Quelle place pour le sport lors de la Conférence nationale du handicap du 26 avril 2023 ? Sur les 77 mesures, une seule sur ce thème. Malgré la présence de la ministre dédiée Amélie Oudéa-Castera à l'Elysée, ce volet semble relégué sur le banc de touche. Et pourtant, le constat est le suivant... Plus de quatre millions de personnes en situation de handicap de moins de 60 ans vivent en France ; si 70 % d'entre elles se disent intéressées par le sport, moins d'une sur deux (47 %) pratique une activité sportive régulière. Il suffisait donc d'attendre la deuxième mi-temps. Elle a eu lieu le 23 mai 2023 à l'occasion de la présentation d'une feuille de route consacrée au « développement de la pratique sportive des personnes en situation de handicap », à l'Institut national des jeunes aveugles, à Paris. Une action collective autour de la ministre des Sports et de Geneviève Darrieussecq, ministre déléguée aux Personnes handicapées, qui a rassemblé tous les acteurs (associations d'élus, organismes du médico-social, mouvement sportif, etc.). But ou pas ?
En 4 grands axes
Ces travaux ont été nourris par plusieurs rapports (IGAS/IGESR, CESE) et par de nombreuses consultations menées depuis des mois, associant les secteurs médico-social et sportif. Un grand nombre de mesures avaient cependant déjà été annoncées. Elles seront suivies au sein de la Conférence permanente du parasport*, dont la première réunion se tiendra en octobre 2023. Que faut-il retenir de ces priorités en quatre axes ? Le gouvernement promet des « politiques publiques mieux éclairées et mieux évaluées », ainsi qu'une « pratique sportive mieux inscrite dans le projet de vie de la personne handicapée » et donc « plus diverse dans tous les lieux de vie » et, enfin, « une haute performance paralympique mieux accompagnée ».
Quelles mesures phares ?
« Le cadre de prise en charge de la Prestation de compensation du handicap (PCH) des prothèses sera amélioré, en particulier les lames de course » tandis que les MDPH intégreront la thématique « pratique sportive » au programme de formation des équipes d'évaluation de la PCH. Autre mesure : un surplus d'un million d'euros destiné à l'Agence nationale du sport (ANS) pour l'accessibilité des équipements sportifs. Alors que la pratique sportive des personnes en situation de handicap est assez méconnue statistiquement, et mal recensée, l'Institut national de la jeunesse et de l'éducation populaire (Injep) sera chargé de mener une vaste enquête pour 2024. Le ministère des Sports fera de son côté un « plan d'évaluation » des fédérations délégataires des parasports, qui ont été transférés des fédérations handisport et sport adapté pour rejoindre les fédérations traditionnelles. Il produira également des « supports pédagogiques » à destination du secteur médico-social.

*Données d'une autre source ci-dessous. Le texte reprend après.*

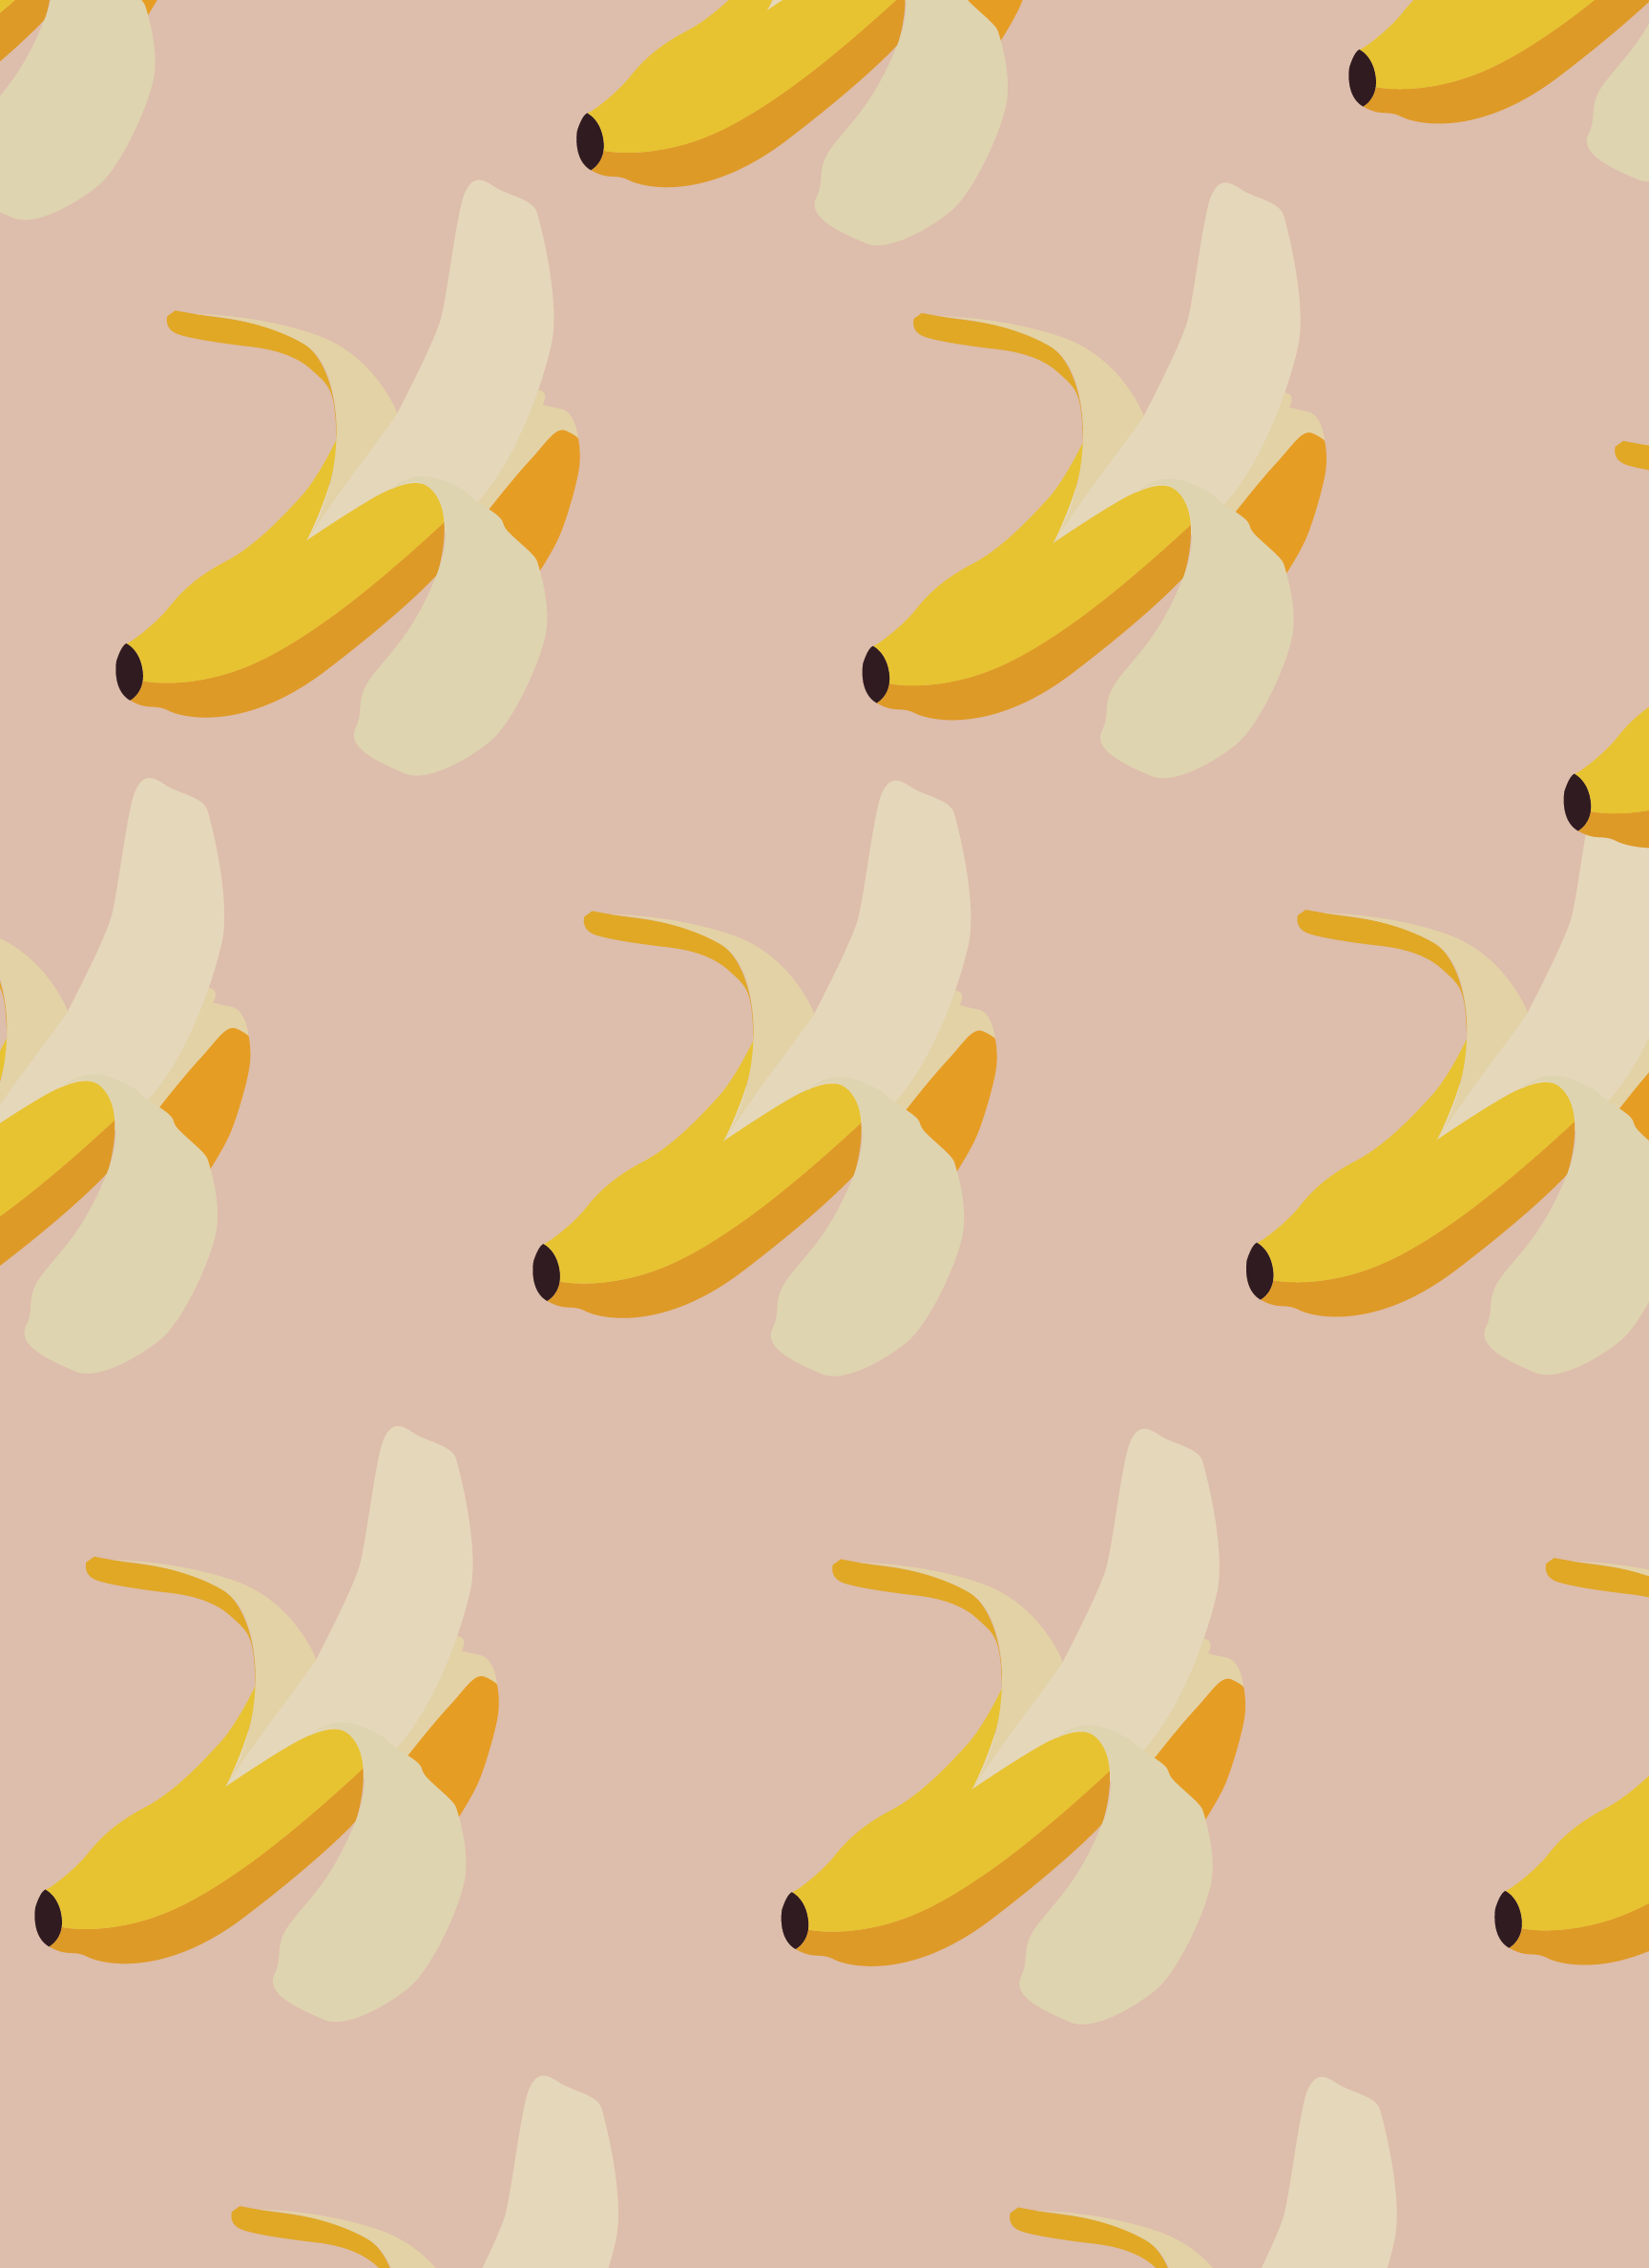 Cute Wallpaper Banana
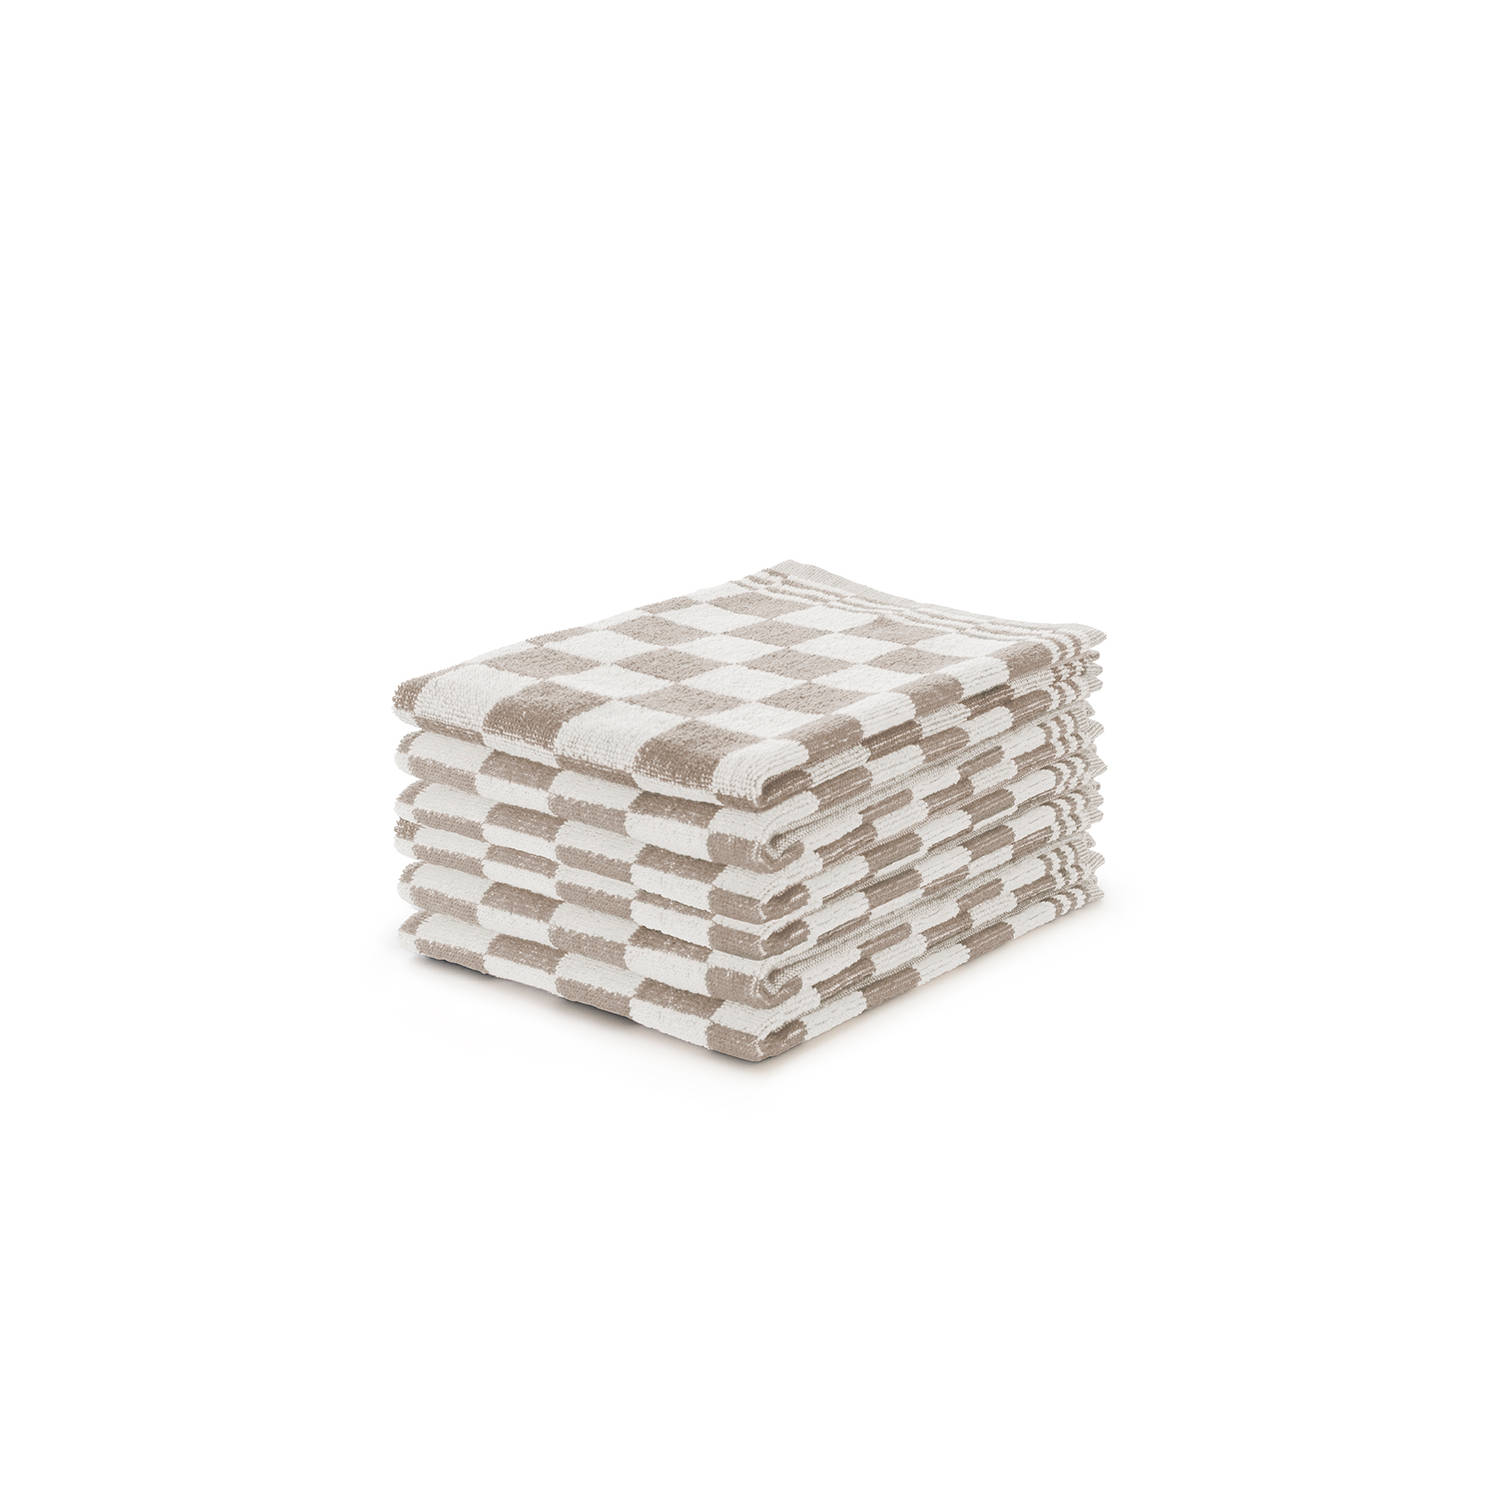 Keukendoekset Blok Zand - 50x50 - Set van 6 - Geblokt - Blokdoeken - 100% katoen - Horeca Keukendoeken

Du sport à tous les niveaux
Sur le modèle des 30 minutes par jour d'activité physique déployées dans les écoles primaires, les ministres évoquent pour 2024 un « fonds de soutien » confié aux Agences régionales de santé pour le déploiement des 30 minutes dans les établissements médico-sociaux accueillants des enfants (Lire : ESMS : 30 min de sport par jour pour les jeunes handicapés).
Faisant le point sur l'objectif de former 3 000 clubs para-accueillants d'ici 2024 avec la perspective des Jeux paralympiques en France, les ministres ont fait savoir que « plus de 700 clubs sportifs, partout sur le territoire, ont déjà validé leur participation au programme » (Lire : 3000 clubs inclusifs pour développer la pratique handisport).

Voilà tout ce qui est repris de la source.